Pada contoh majas paradoks di atas, kita menemukan dua kata yang berlawanan dalam satu kalimat yakni “besar dan kecil”. Dia menunjuk pada satu orang yang badannya besar tetapi kecil nyalinya. Hal ini adalah salah satu majas paradoks.

Untuk pamahaman yang lebih jauh, berikut kami berikan contoh majas paradoks lainnya:
  1. Jika kita memperhatikan secara seksama, mata Andi terlihat sunyi tetapi mulutnya ribut betul.
  2. Entah kenapa aku selalu merasa sangat sendiri di tempat yang ramai seperti Jakarta ini.
  3. Perangainya liar tetapi wajahnya terlihat santun.
  4. Meskipun otaknya berpikir cepat tapi tindakannya sangat lambat.
  5. Dalam kasus korupsi tersebut ia terjatuh ke atas dan membuat ia bebas dari ancaman hukuman penjara 5 tahun lamanya.
  6. Andita selalu terlihat tersenyum meskipun hatinya meringis meratapi kekasihnya yang pergi sejak setahun yang lalu.
  7. Cintanya tulus walaupun ia juga menginginkan balasan.
  8. Memang ia artis yang sangat populer dan menjadi idola remaja, wajahnya putih mulus tetapi hatinya hitam!

Senin, 25 Maret 2013

14 Contoh Majas Hiperbola

Contoh Majas Hiperbola
Mungkin banyak di antara kita yang sangat familiar dengan istilah “hiperbola” atau “hiperbolis”. Biasanya istilah ini kita lekatkan pada kawan atau kerabat yang tingkah lakunya berlebihan. Dalam ilmu tata bahasa, istilah hiperbola juga dikenal cukup populer. Ia merupakan nama majas yang cukup umum dijumpai penggunaannya baik itu pada karya fiksi maupun non-fiksi. Majas hiperbola merupakan ungkapan yang “Hyper” atau dibesar-besarkan, dilebih-lebihkan, dengan tujuan atau maksud untuk mendapatkan kesan tertentu. Pada artikel ini akan diberikan beberapa contoh majas hiperbola agar Anda bisa memahami pola yang terbentuk.

Sebelum mengurai contoh majas hiperbola tersebut, perlu kiranya untuk meneliti penggunaan kata dalam kalimat yang menggunakan majas hiperbola. Para pakar menyatakan bahwa dalam majas hiperbola terdapat dua kata atau dalam bentuk lain yang merupakan penanda. Biasanya kata pertama tersembunyi atau implisit sedangkan kata kedua akan menggantikan kata pertama yakni sebuah bentuk kata yang memiliki makna yang jauh melebihi makna kata pertama yang digantikannya. Kadang, kata pertama tersebut muncul secara jelas bersama kata kedua akan tetapi lebih sering juga tersembunyi.

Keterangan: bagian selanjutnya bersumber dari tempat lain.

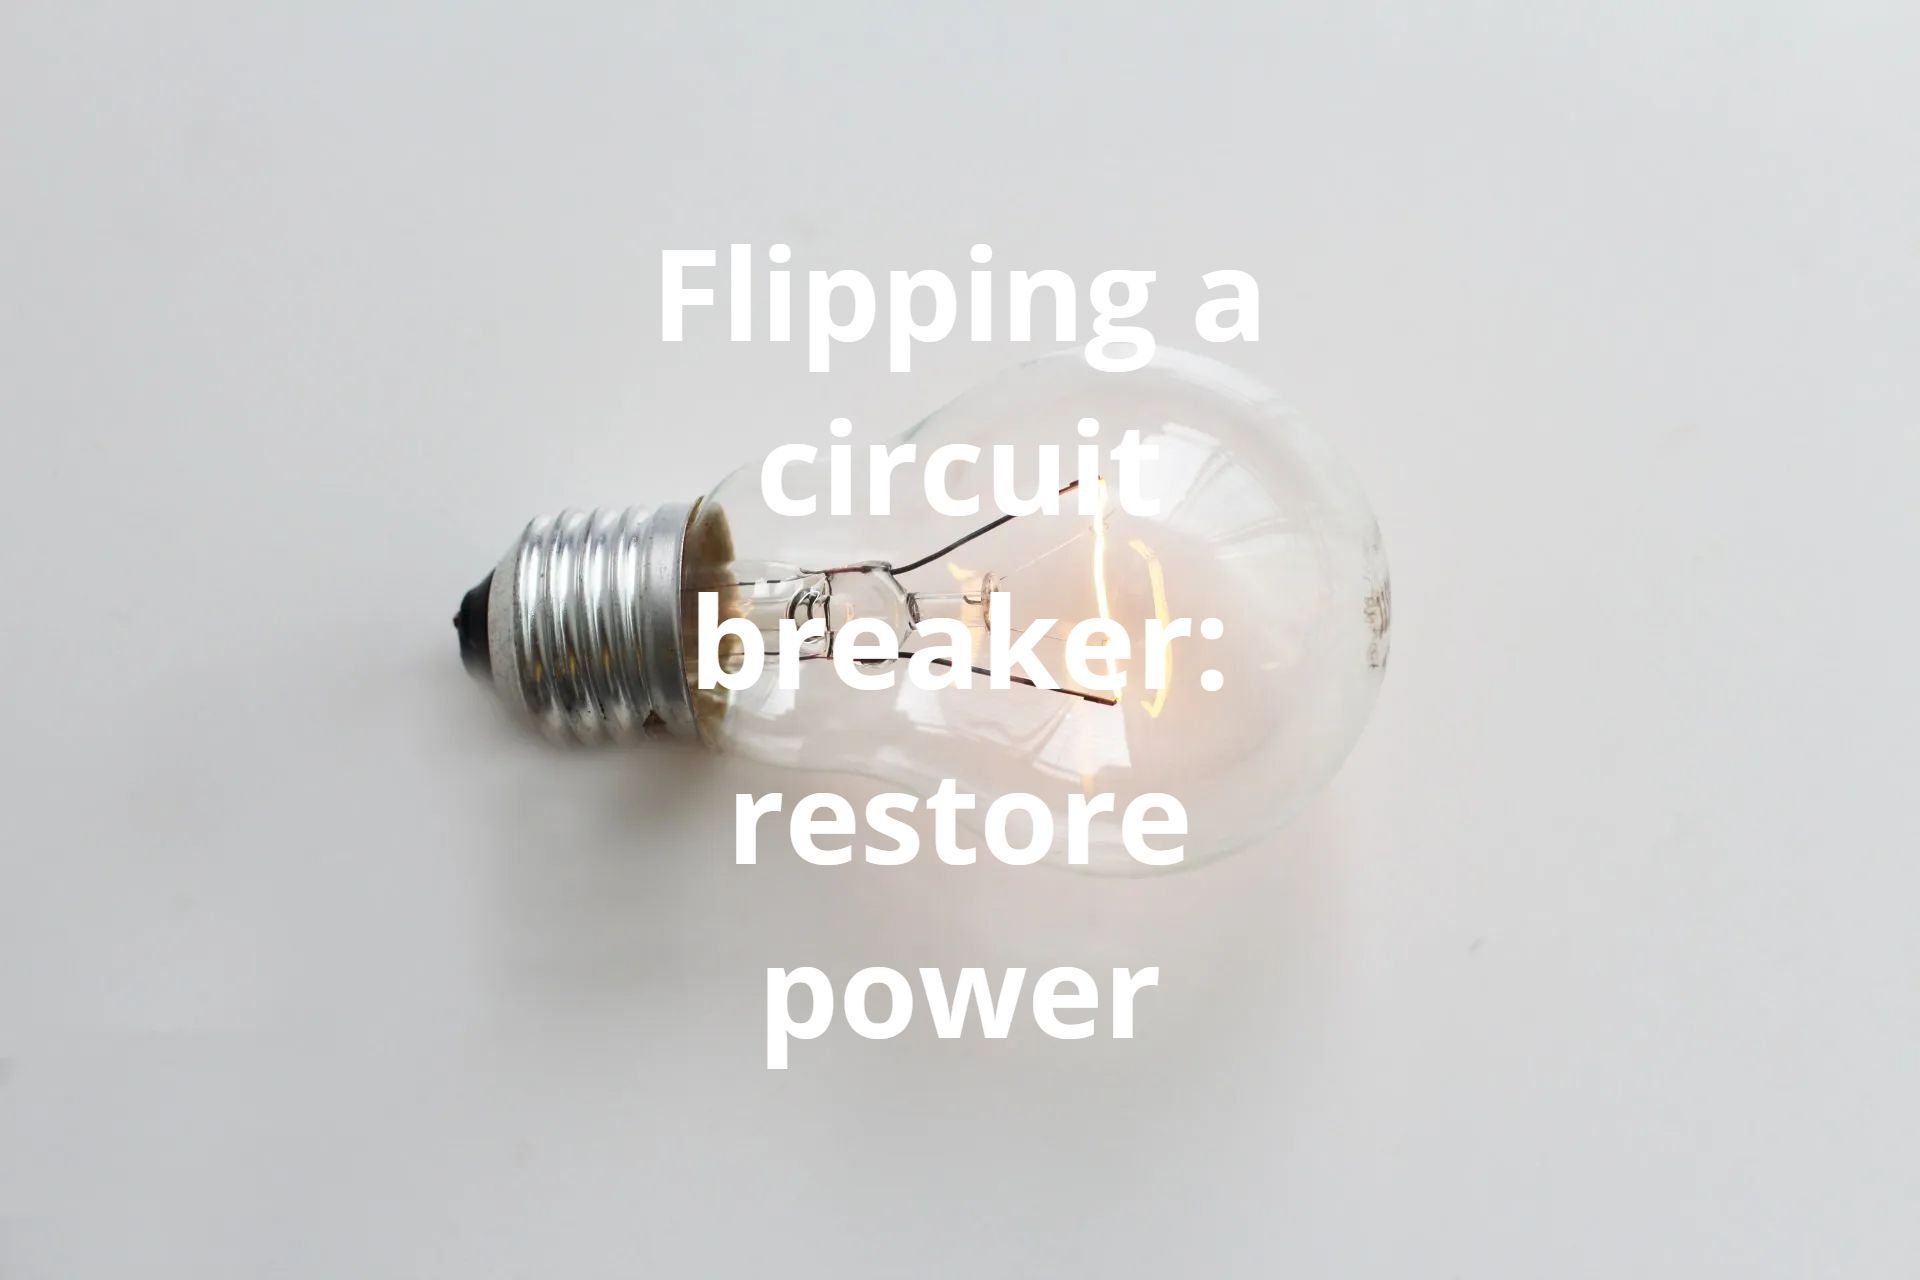 Flipping a circuit breaker

Dalam pola pembentukannya, terkadang majas hiperbola mengambil proses pembentukan majas lainnya seperti majas perumpamaan simile, metafora dan majas lainnya. Akan teta[I dalam hiperbola, hal yang paling penting adalah intensitas makna yang terkesan dilebihkan. Berikut beberapa contoh majas hiperbola yang terdapat dalam kalimat:
  1. Dengan suara yang menggelegar, ia berkata pada anak-anak nakal itu “Pergi kalian dari tempat ini!!”. Kata menggelegar mewakili suara manusia yang impilist atau tersembunyi. Meski tidak ada, namun siapapun tahu yang diwakili kata menggelegar adalah suara manusia. Meggelegar biasanya merupakan suara halilintar dan bukan manusia. Untuk mendapatkan makna yang lebih tinggi, maka kata gelegar dipakai di kalimat tersebut.
  2. Sudah lima tahun lamanya kekasihku pergi entah kemana, namun sedetik pun wajahnya tak pernah lenyap dari pikiran juga ingatanku.
  3. Rania berlari secepat kilat demi menghindari keterlambatan ke sekolah, hari ini ada ulangan kelas, ia harus bergegas!
  4. Kuman yang ada di seberang lautan nampak di matanya sedangkan gajah yang nongkrong di pelupuk matanya tak ia perhatikan.
  5. Gedung-gedung megah di kota metropolitan ini mencapai langit biru.
  6. Negeri ini akan runtuh jika ada banyak orang kikir seperti Anda.
  7. Isu kenaikan harga bahan bakar telah menenggelamkan isu lainnya dalam samudera.
  8. Gemuruh rasa di dadanya tak bisa ditahan lagi.
  9. Kesedihannya telah memuncak dan membuat ia tak sanggup lagi bernapas.
  10. Cinta menyetrum kedua anak muda itu sehingga mereka kehilangan kendali.
  11. Tangan beton dan semangat bajanya telah menjadikan ia pribadi yang sukses dalam hal harta.
  12. Hati emasnya membuat ia banyak disayangi ibu-ibu di kompleks perumahan ini.
  13. Wajahnya teduhnya menghangatkan hati semua orang yang memandangnya.
  14. Perangainya buas, tak heran jika banyak yang menjauhinya.
Masih ada banyak contoh majas hiperbola lainnya yang bisa ditemukan baik pada itu pada novel, roman, cerpen, cerbung, puisi dan juga buku non-fiksi lainnya. Majas ini termasuk jenis majas yang paling populer dan banyak digunakan dalam kehidupan kita sehari-hari terutama dalam hal berbahasa.